FC Bruschgol: Kurzform für Brunnen, Schwyz und Goldau. Bild: Mauro Kuny

Fussballspiele im Livestream

Wir übertragen neu ausgewählte Heimspiele im Livestream. Dafür wurde eine Kamera installiert, die dem Ball dank künstlicher Intelligenz automatisch folgt.

Die Spiele können live und zeitversetzt unter scgoldau.asport.tv mitverfolgt werden.

Die neue Lösung “Asport” wurde in Zusammenarbeit mit der Schweizer Firma SportPass AG initiiert und bietet für die Zuschauerinnen und Zuschauern einen echten Mehrwert. So kann man ausgewählte Heimspiele auch von unterwegs mitverfolgen oder die besten Spielszenen über den sogenannten “Couch-Mode” zu Hause nachschauen. Auch die Trainerinnen und Trainer des SC Goldau können neu Spiele per Video analyisieren.

Mit dieser neuen Möglichkeit möchten wir die Chancen der Digitalisierung nutzen und unseren Anhängern ein neues, digitales Sporterlebnis bieten.

Simon Krienbühl, Vorstand SC Goldau
Dank einer Kamera, die mit künstlicher Intelligenz (KI) funktioniert, benötigt man keine zusätzliche Person für die Aufnahmen. Bild: SC Goldau

Wichtige Fragen und Antworten

Der SC Goldau möchte seinen Anhängern einen Mehrwert bieten, indem ausgewählte Spiele als Livestream oder Video-on-Demand angeschaut werden können. So können zum Beispiel Highlight-Clips mit allen Toren des Spiels erstellt werden. Zudem dienen die Aufnahmen den Trainern für die Trainings- und Spielanalyse.

Die Kamera ist am mittleren Fluchtlichtmasten installiert und filmt den Bereich des Hauptplatzes und der Spielerbänke. Dabei liegt der Fokus auf dem Spiel und das Sportfeld mit den Sportlern steht im Vordergrund. Nahaufnahmen von einzelnen Spielern werden nicht erstellt. Auch Zuschauerinnen und Zuschauern, die sich im Bereich der Tribüne aufhalten, werden nicht gefilmt. Die Kamera ist zusätzlich mit einem Aussenmikrofon bestückt.

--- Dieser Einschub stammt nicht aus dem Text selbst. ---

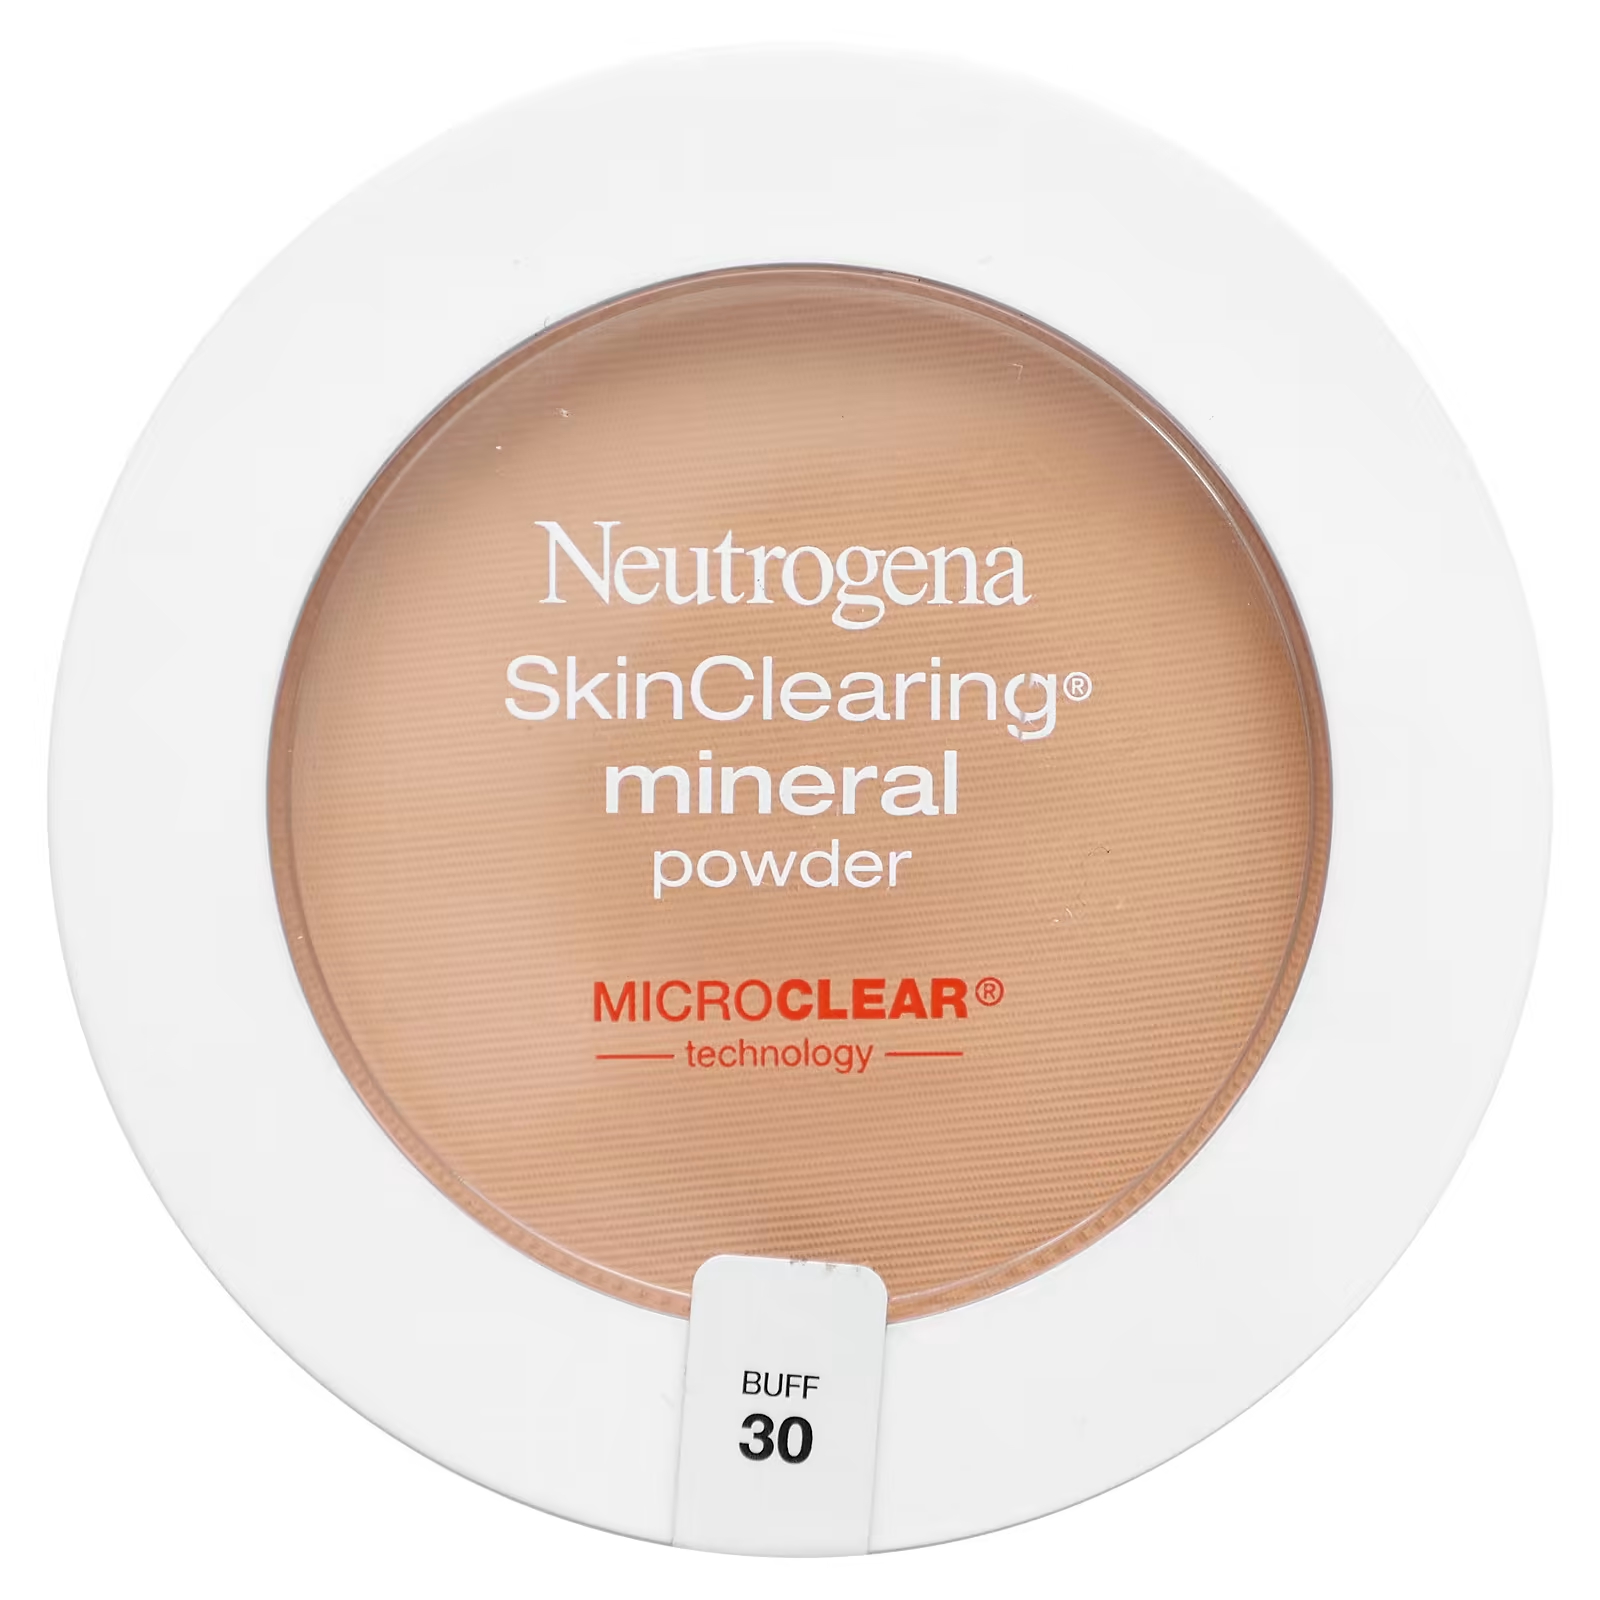 Пудра минеральная Neutrogena SkinClearing для очищения кожи neutrogena очищающая минеральная пудра нюд 40 11 г 0 38 унции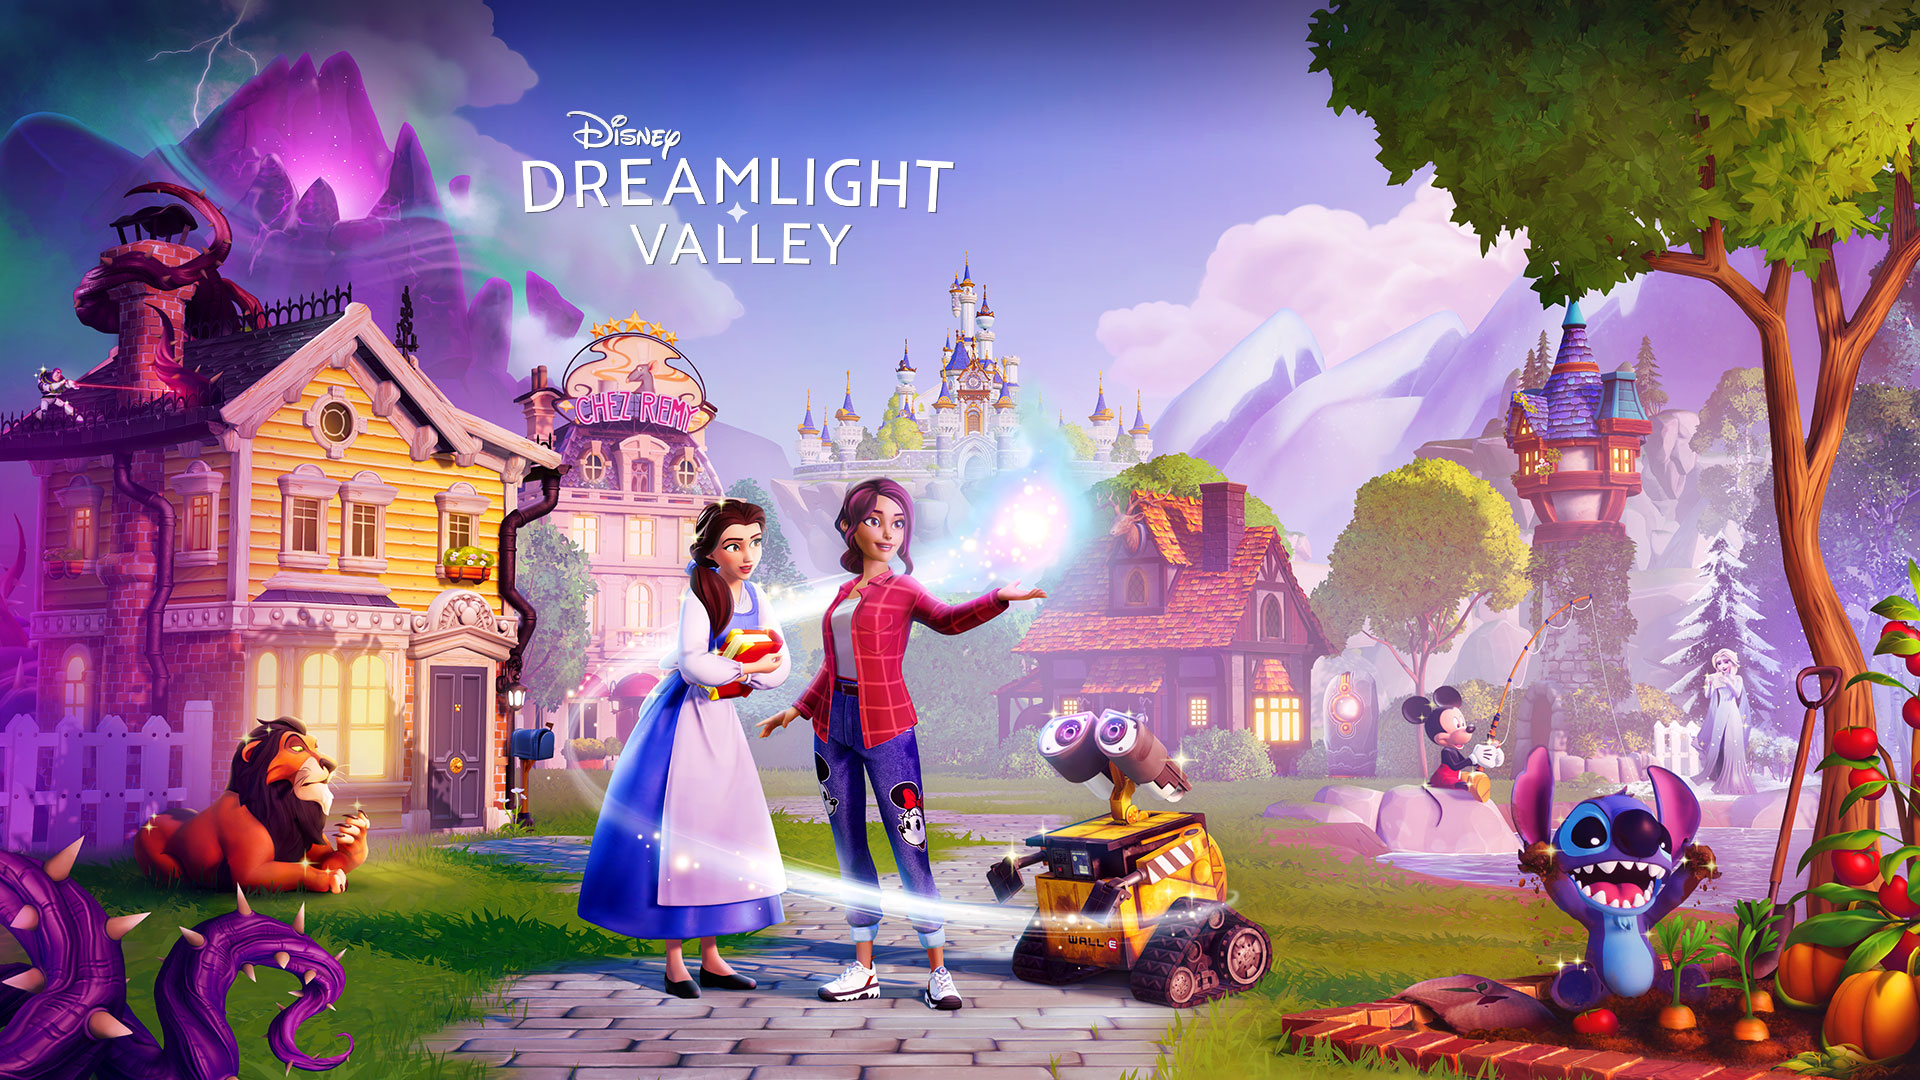 Disney Dreamlight Valley, Disney-karakterer såsom Belle og Wall-E samles rundt om en spiller i en hyggelig by.

Die Aufnahmen des Kamerasystems können live und/oder in Form von Zusammenfassungen zeitversetzt auf den digitalen Kanälen des Sport Club Goldau und der Plattform scgoldau.asport.tv ausgestrahlt und der Öffentlichkeit zugänglich gemacht werden.

Hauptansprechsperson beim SC Goldau ist Simon Krienbühl, Vorstand Presse & Kommunikation.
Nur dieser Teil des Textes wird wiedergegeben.